▶ [GIVEN INFORMATION]:
*** Block opens ***

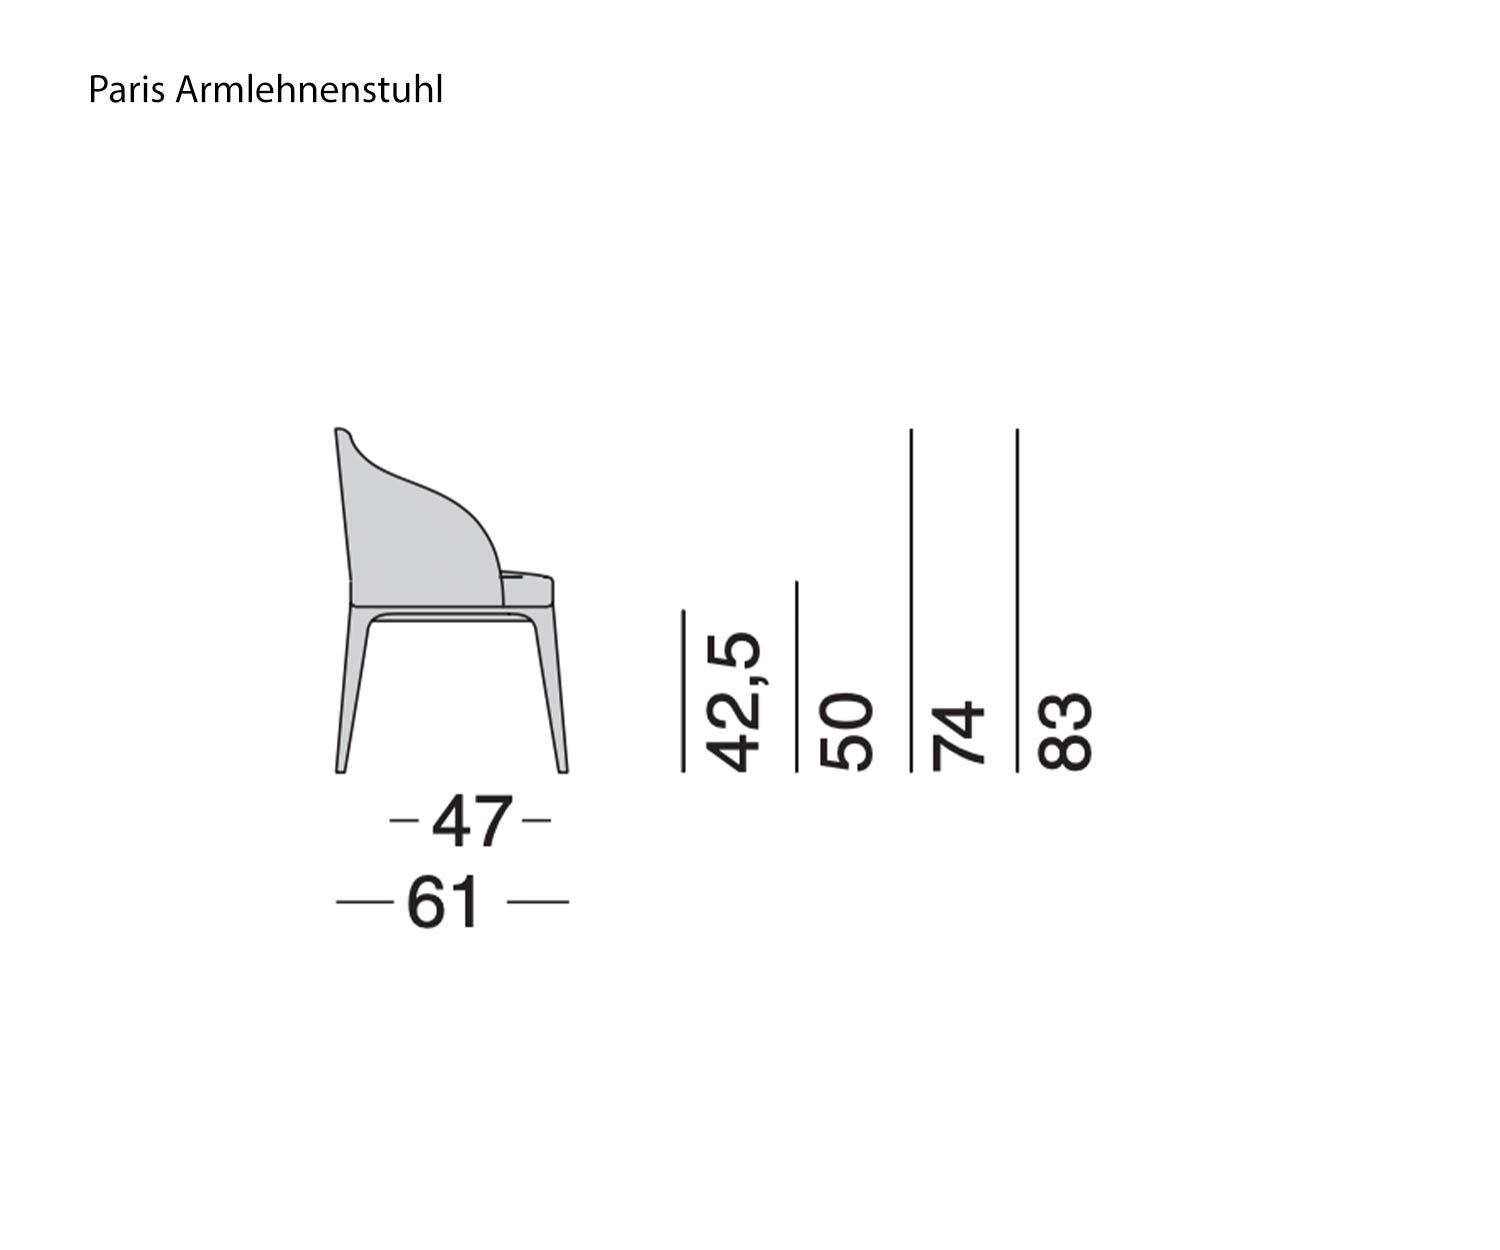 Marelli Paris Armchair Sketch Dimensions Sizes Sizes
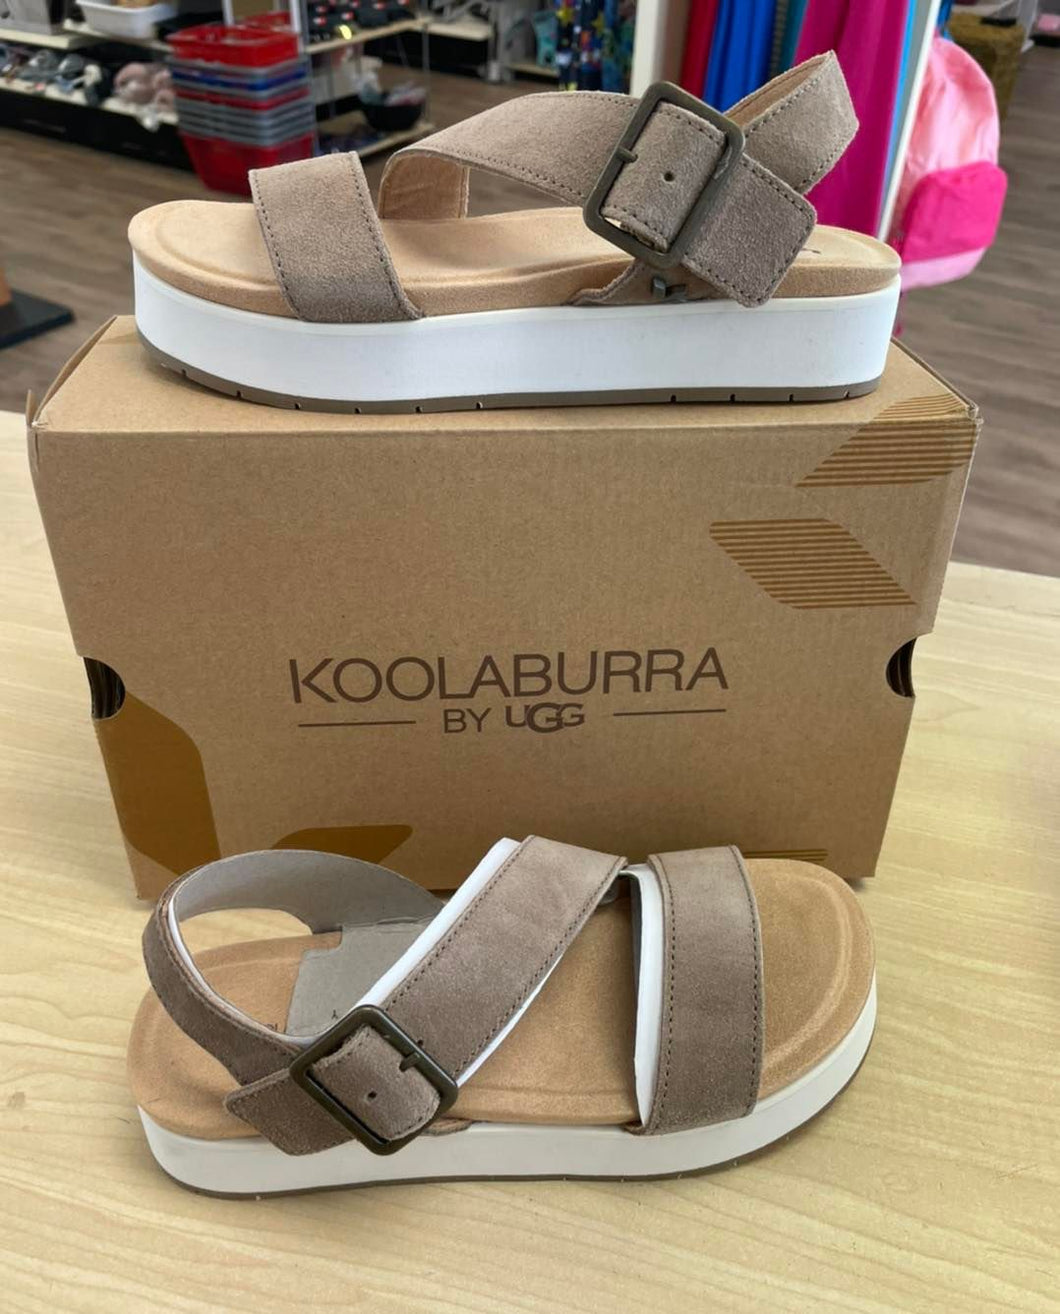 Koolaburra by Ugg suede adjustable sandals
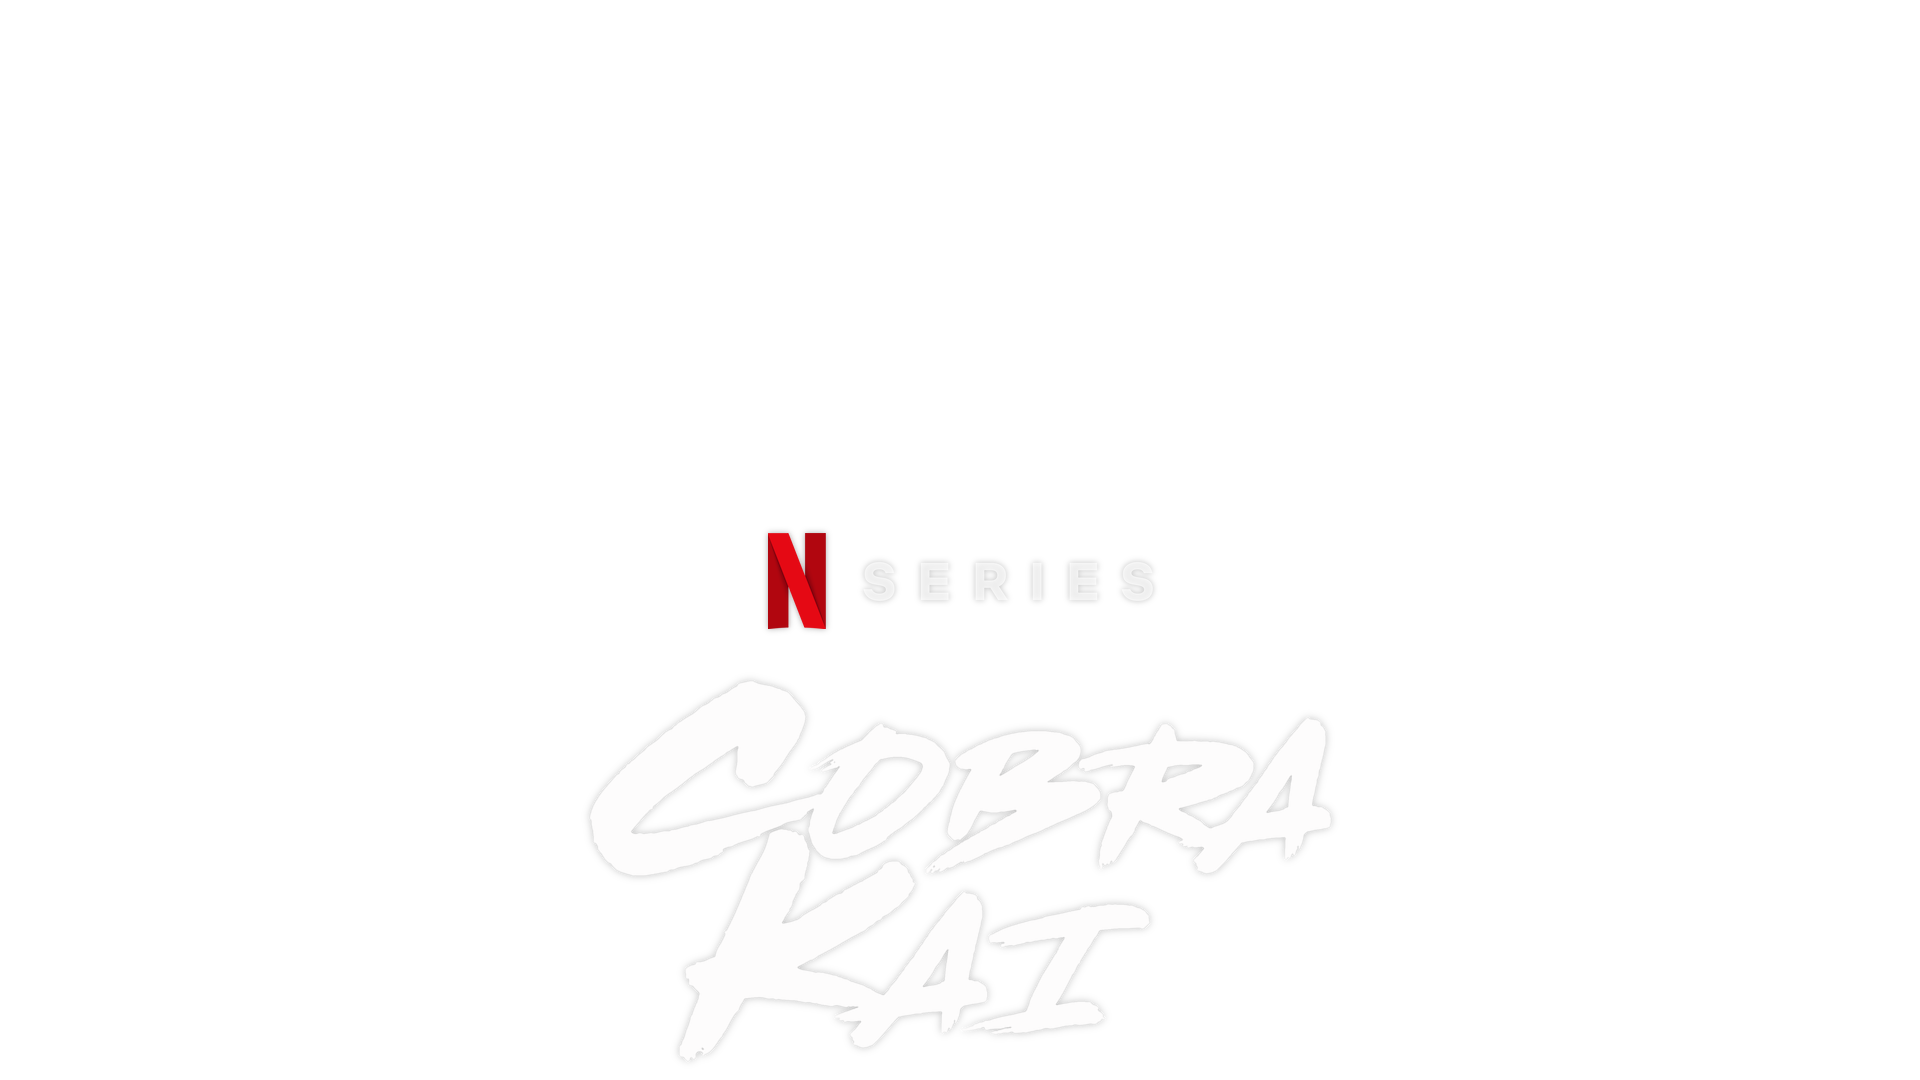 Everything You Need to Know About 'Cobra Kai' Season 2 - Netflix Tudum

*** Block closes ***

▶ [EXERCISE DIRECTIONS]: Each line of the data must be restated exactly, and the pictures must be left out.

▶ [ANSWER SPACE]:
 Marelli Paris Armchair Sketch Dimensions Sizes Sizes
 Koolaburra by Ugg suede adjustable sandals
 Everything You Need to Know About 'Cobra Kai' Season 2 - Netflix Tudum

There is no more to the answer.